苗道人爽朗的笑道:“中”。在老大娘与她女婿轮流把盏敬酒下,没打仗足足喝了一壶酒,看样子大醉了。苗道人说了一句,“我们后会有期。”余长寿以为戏言,没有认真。 眨眼不见了苗道人人影,余长寿咋舌,他担心苗道人出事,便对空中说:“我送你一程。”空中回话:“不必了”。快回去陪夫妻圆梦去吗。
余长寿觉得外面做了三年生意,生意也越来越难做,加之现在还没孩子,夫妻两地分居也不是长久的事,什么都不方便。

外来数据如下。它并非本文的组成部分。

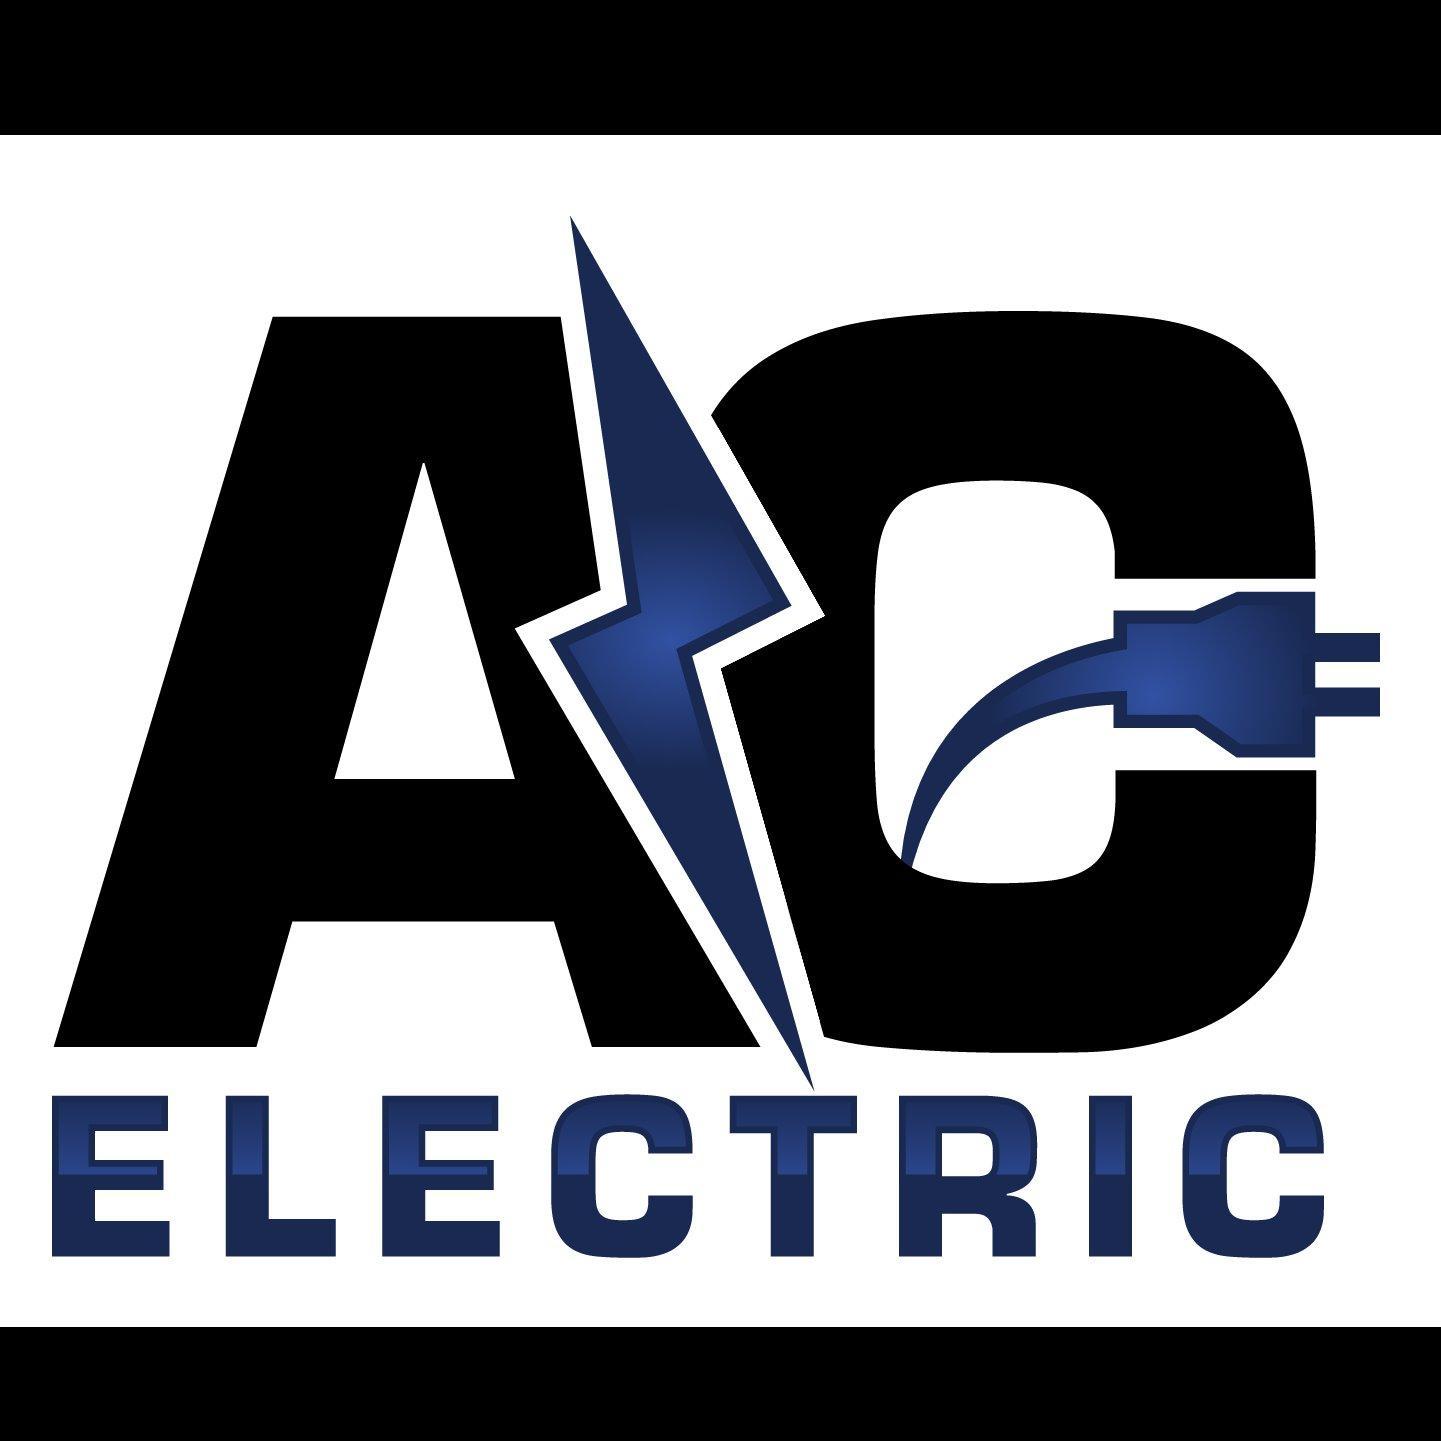 AC ELECTRIC INC.
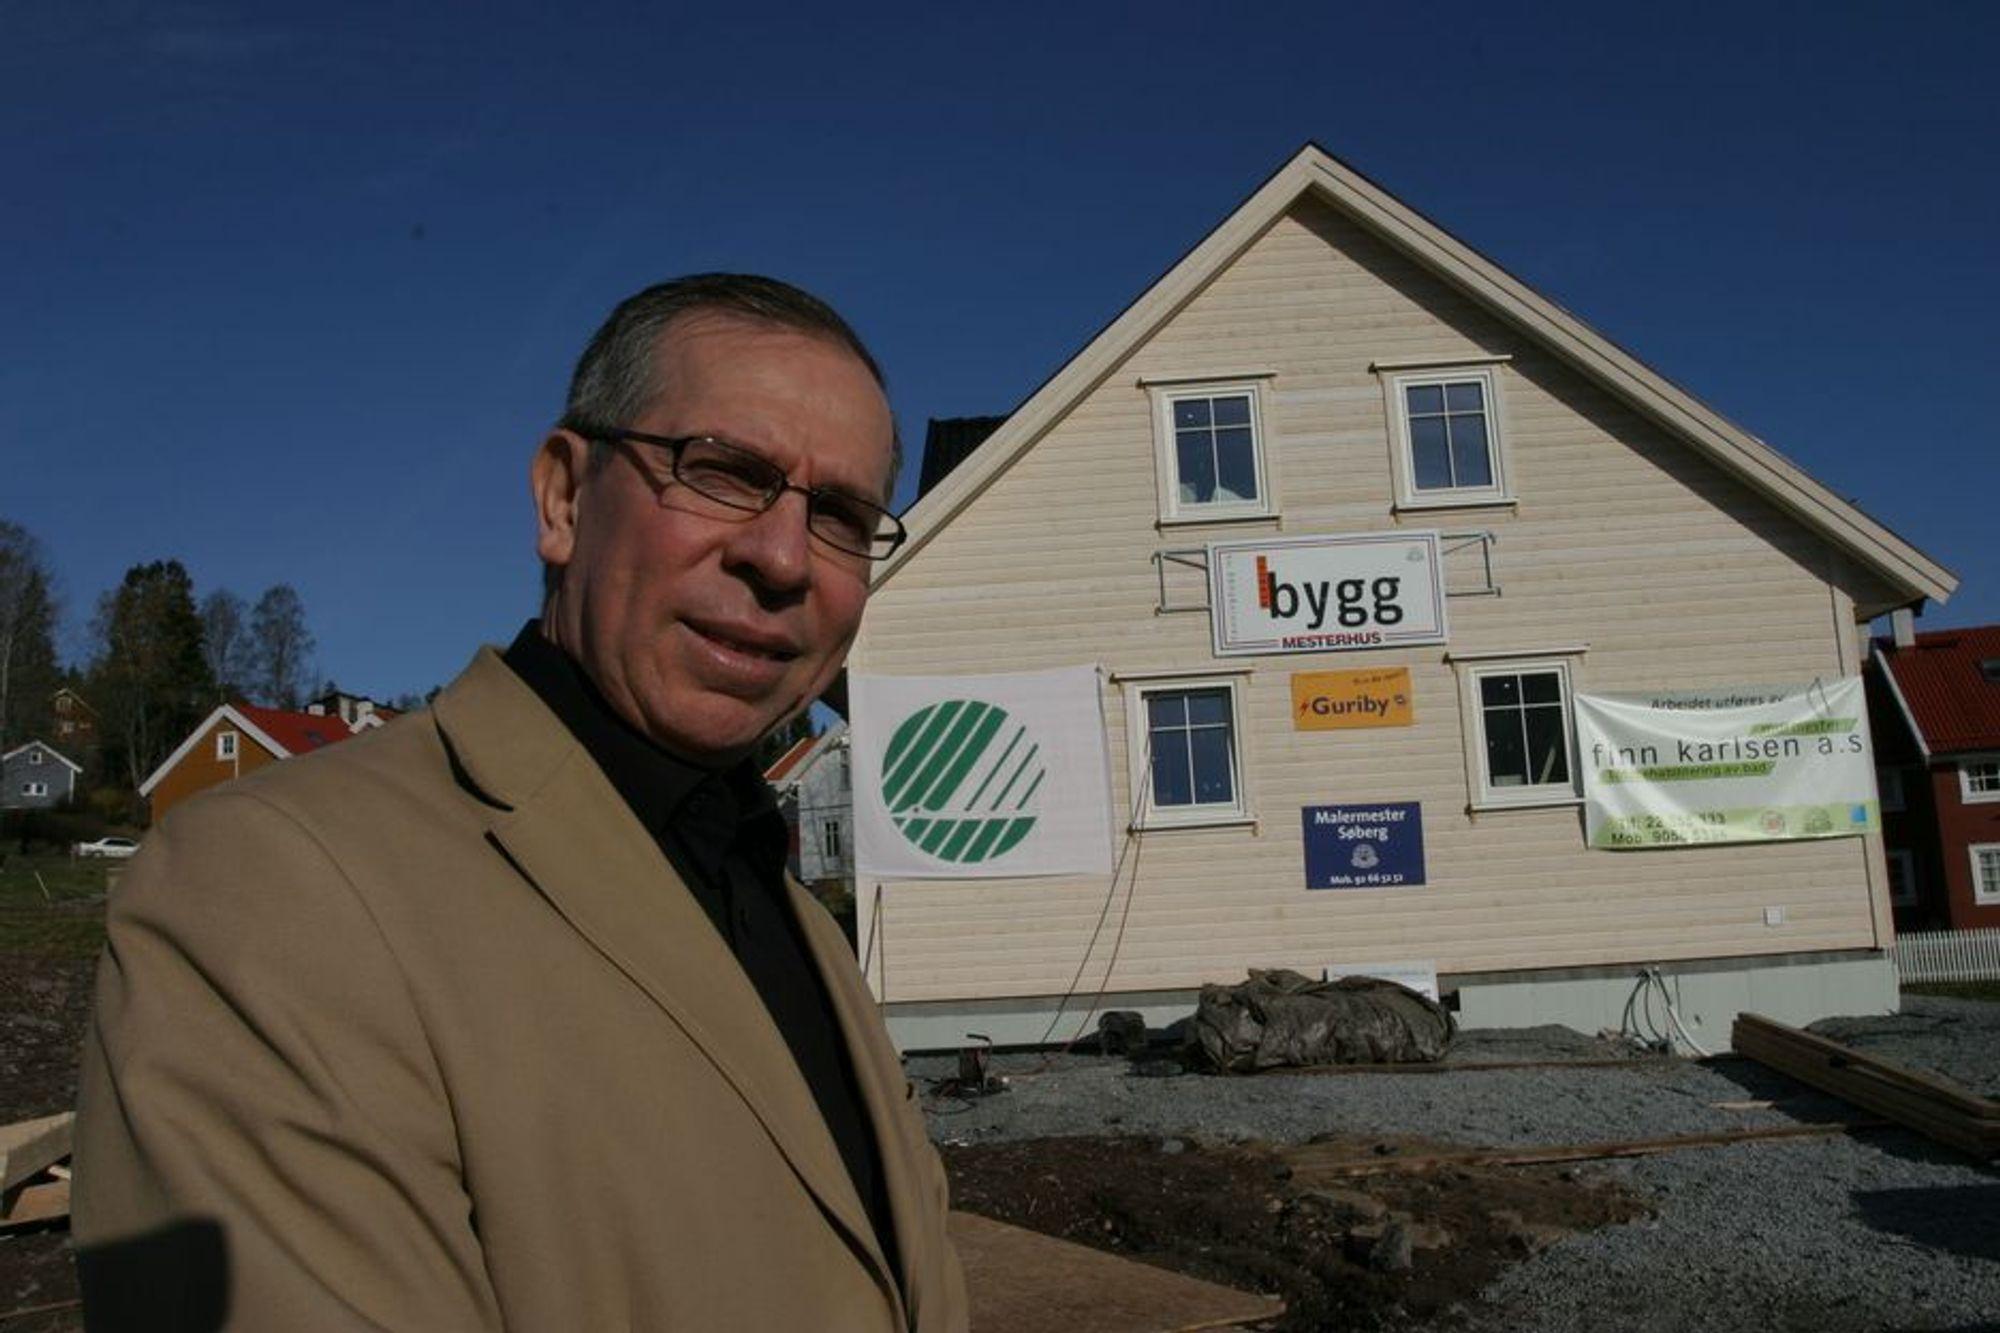 HUS FOR FREMTIDEN: - Dette huset har ekstremt isolerende materialer og et selvregulerende klimasystem, sier rådgiver for byplanlegging i Bærum kommune, Pedro Ardila.

时光匆匆,余长寿回家后已过了半年多了,只好边务农边用弓箭射猎。
有一天,秋色格外迷人,天空蔚蓝,阳光明媚,清风徐来,一切都显得那么惬意。趁着这个好天气,商人余长寿带着弓箭,独自一人前往龙贯山后山金竹林打猎。刚走进山沟的深谷里不久,余长寿就听到了树林外的灌木丛传来了一阵扑通的响声。他心中一惊,连忙拿起弓箭,快步跑向灌木丛中去看是什么。只见一只巨大的老鹰,正在与一条硕大的菜花蛇拼死搏斗。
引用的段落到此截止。